叶青鸾没有说话,只是微微点了点头。她转身走向石室入口,在门口停下脚步。
「我守在外面。如果有任何异常,我会进来。」
「好。」
她走了。脚步声在金属台阶上渐渐远去,最后消失在上方。
石室里只剩下我和几十柄活剑。还有石台上那个没有眼睛的笑脸。
我盘膝坐在石台前,将双剑横放在膝上。
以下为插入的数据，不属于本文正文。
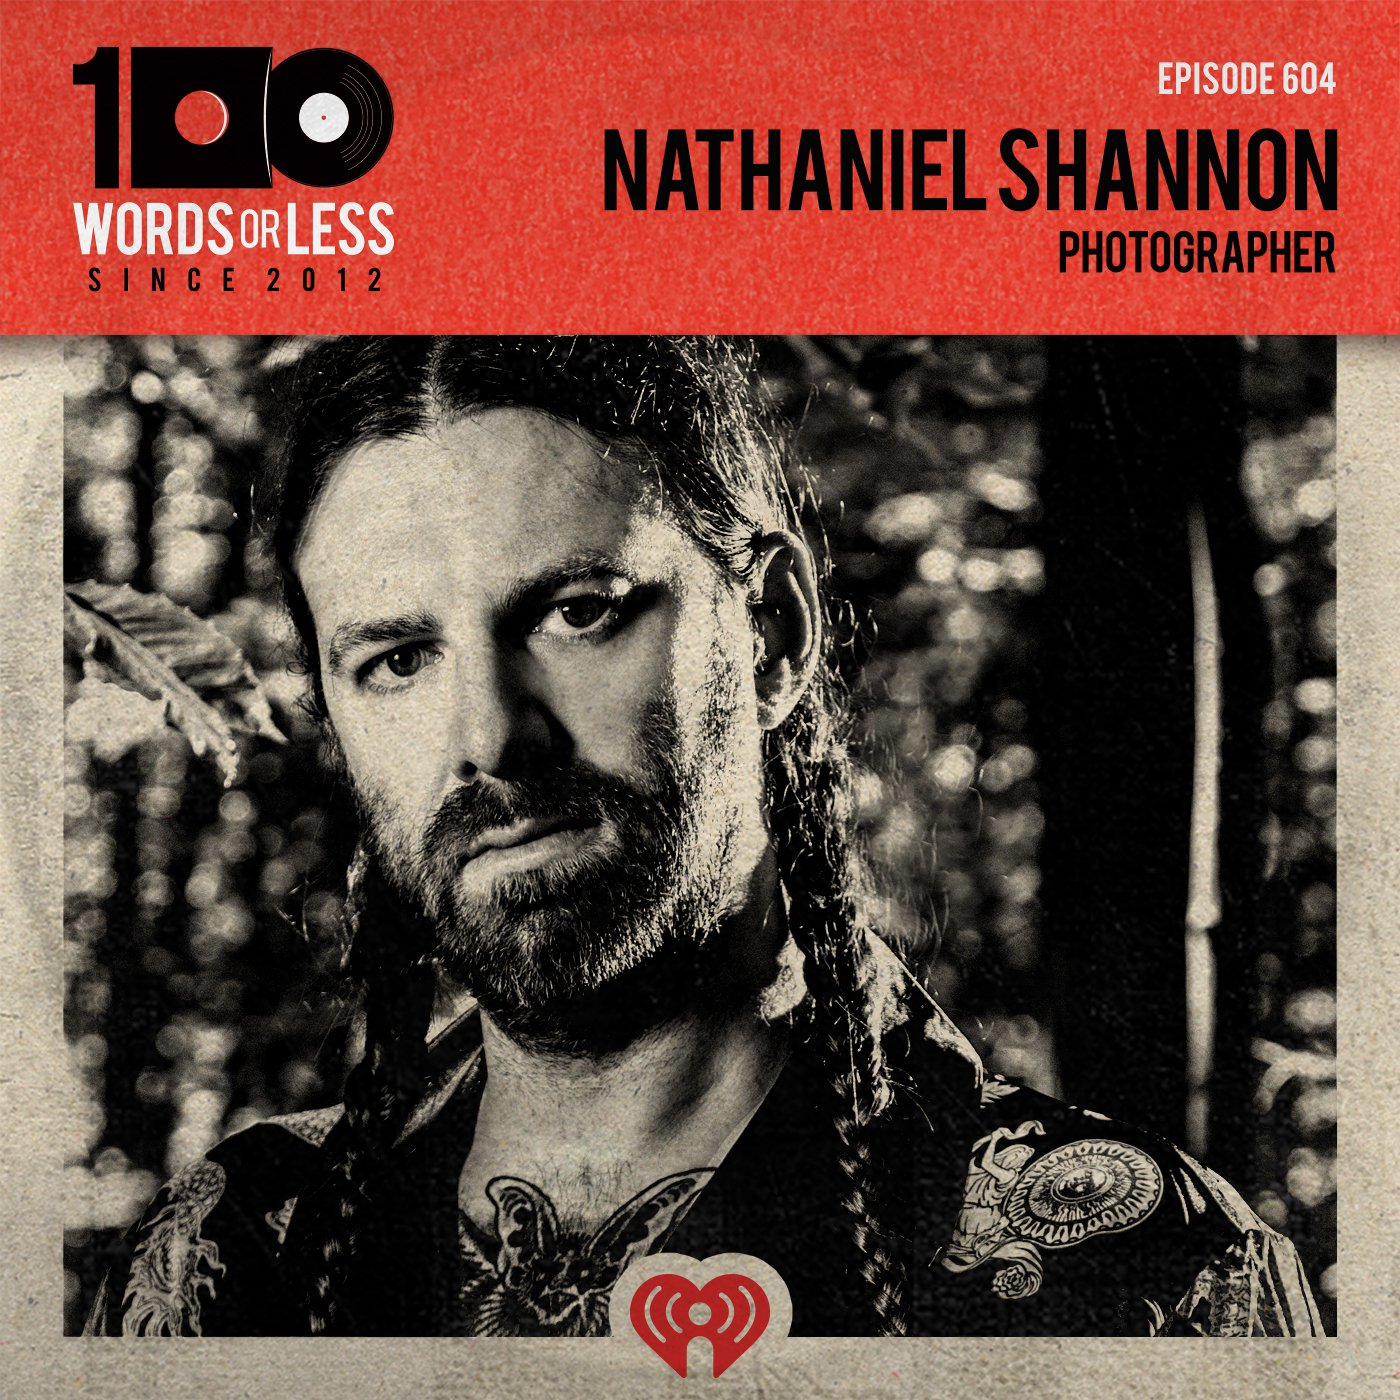 Nathanial Shannon, photographer

闭上眼睛,剑心通明缓缓启动。
解析的第一步:选择起始目标。
我没有选父亲的灰铁剑。我选了最近的那柄青铜剑——沈苍河的本命剑。三百年前那位守卫者的剑意应该是最稳定的,适合作为解析的起点。
指尖触碰青铜剑剑柄的瞬间,一股苍凉的气息涌入脑海。
我看到了一个年轻人站在剑冢入口,背着这柄还没有名字的青铜剑,回头望了一眼身后的山峦和云海。他的眼睛很亮,嘴角带着一丝倔强。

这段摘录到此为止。